Educação
Dores menstruais afetam rotina escolar de seis em cada dez estudantes, aponta pesquisa
Levantamento revela que cólicas e falta de estrutura levam alunas a faltar às aulas mensalmente; especialistas alertam para impactos na saúde e na educação.
Seis em cada dez estudantes dos ensinos fundamental e médio que menstruam, relatam que costumam ter a rotina escolar afetada por cólicas fortes e moderadas.
O dado é fruto de um estudo divulgado pelo Instituto Alana em parceria com o Instituto Equidade.info, que também apontou que cerca de quatro em cada dez alunas faltam às aulas mensalmente devido à dores menstruais.
A reportagem da Super Rádio Tupi conversou com algumas mulheres que convivem com frequência com dores menstruais. Segundo as entrevistadas, o principal sintoma que impede alunas de comparecerem às aulas é a cólica.
Outros sintomas são dores no corpo, cabeça, barriga, vergonha ou medo de vazamento, falta de banheiro ou produtos de higiene.
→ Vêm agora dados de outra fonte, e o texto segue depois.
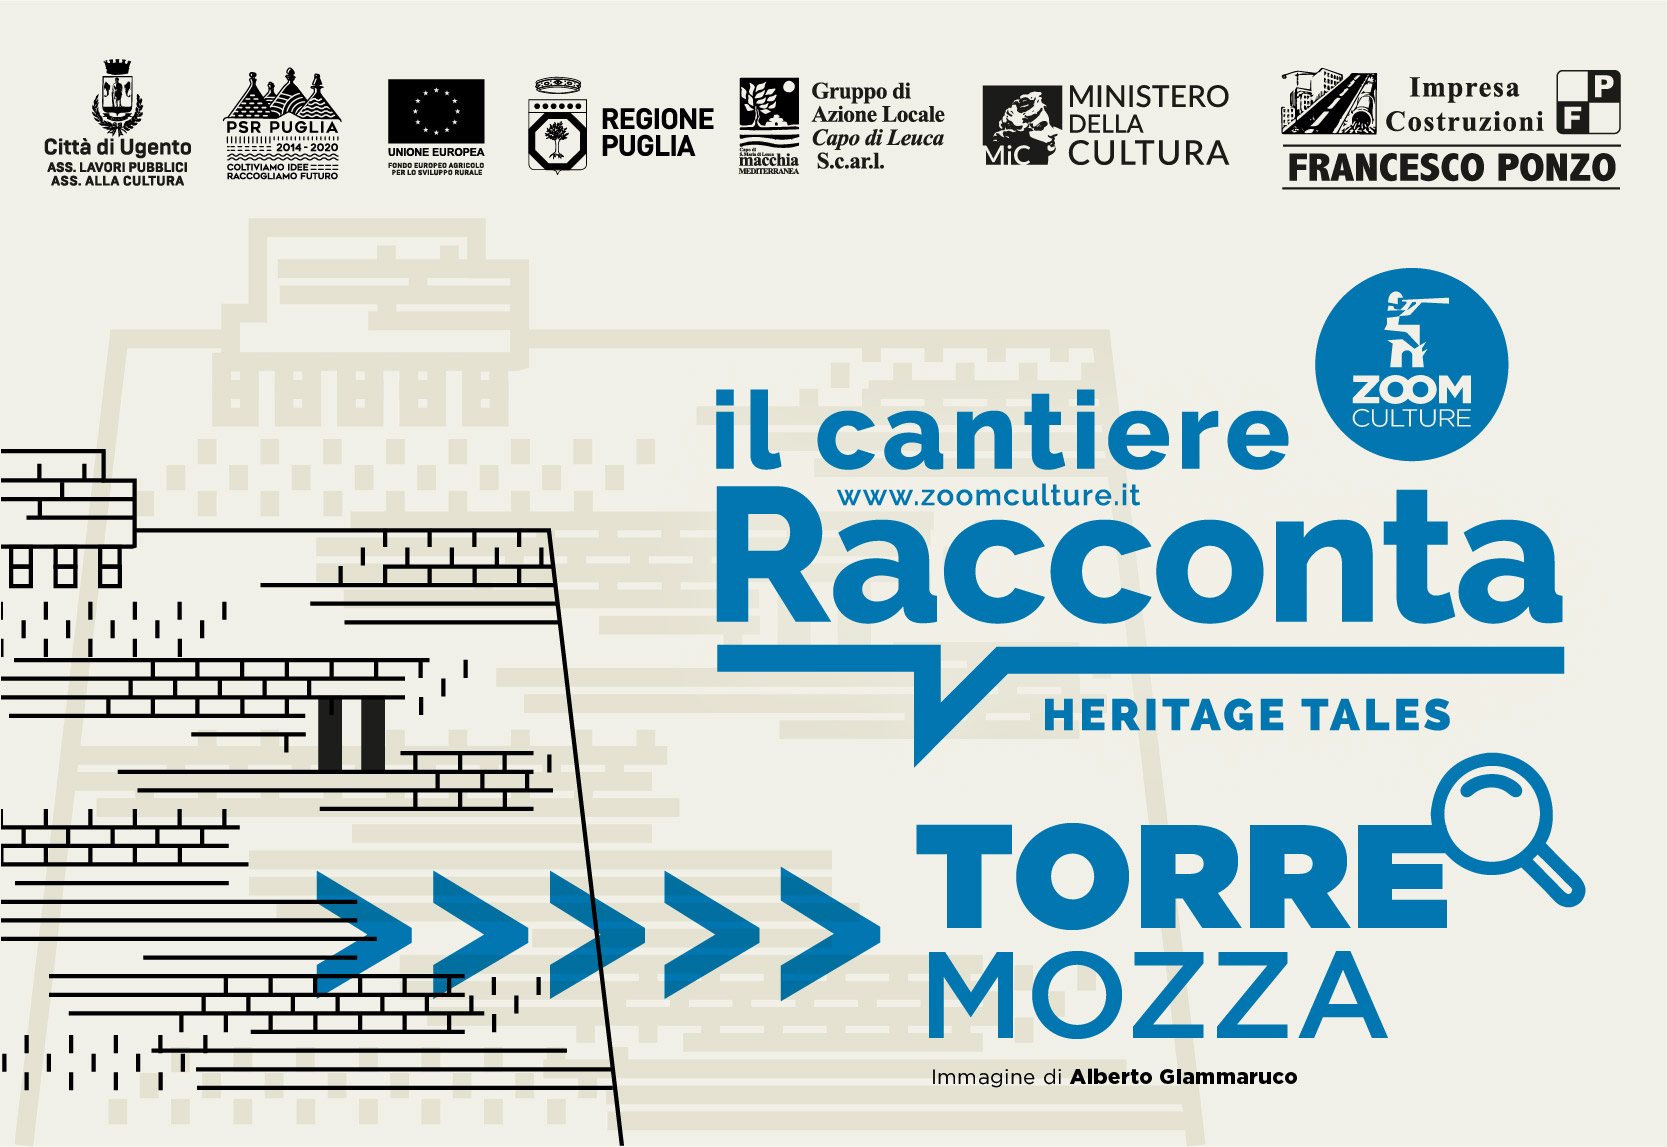 Torre Mozza - Immagine di copertina del Cantiere Racconta | Torre Mozza con illustrazione della torre e loghi istituzionali

Segundo especialistas, a dor menstrual, quando tratada como algo normal na adolescência, pode gerar impactos que vão além do âmbito escolar.
O levantamento dos institutos Alana e Equidade.info foi realizado em fevereiro deste ano com 2.551 estudantes, sendo 770 estudantes que menstruam e 303 docentes.
181 gestores escolares das redes públicas e privadas de ensino de todas as regiões do país também foram ouvidos.
Em 2023, o governo federal lançou o programa Dignidade Menstrual, que garante absorventes gratuitos para pessoas de 10 a 49 anos inscritas no cadastro único.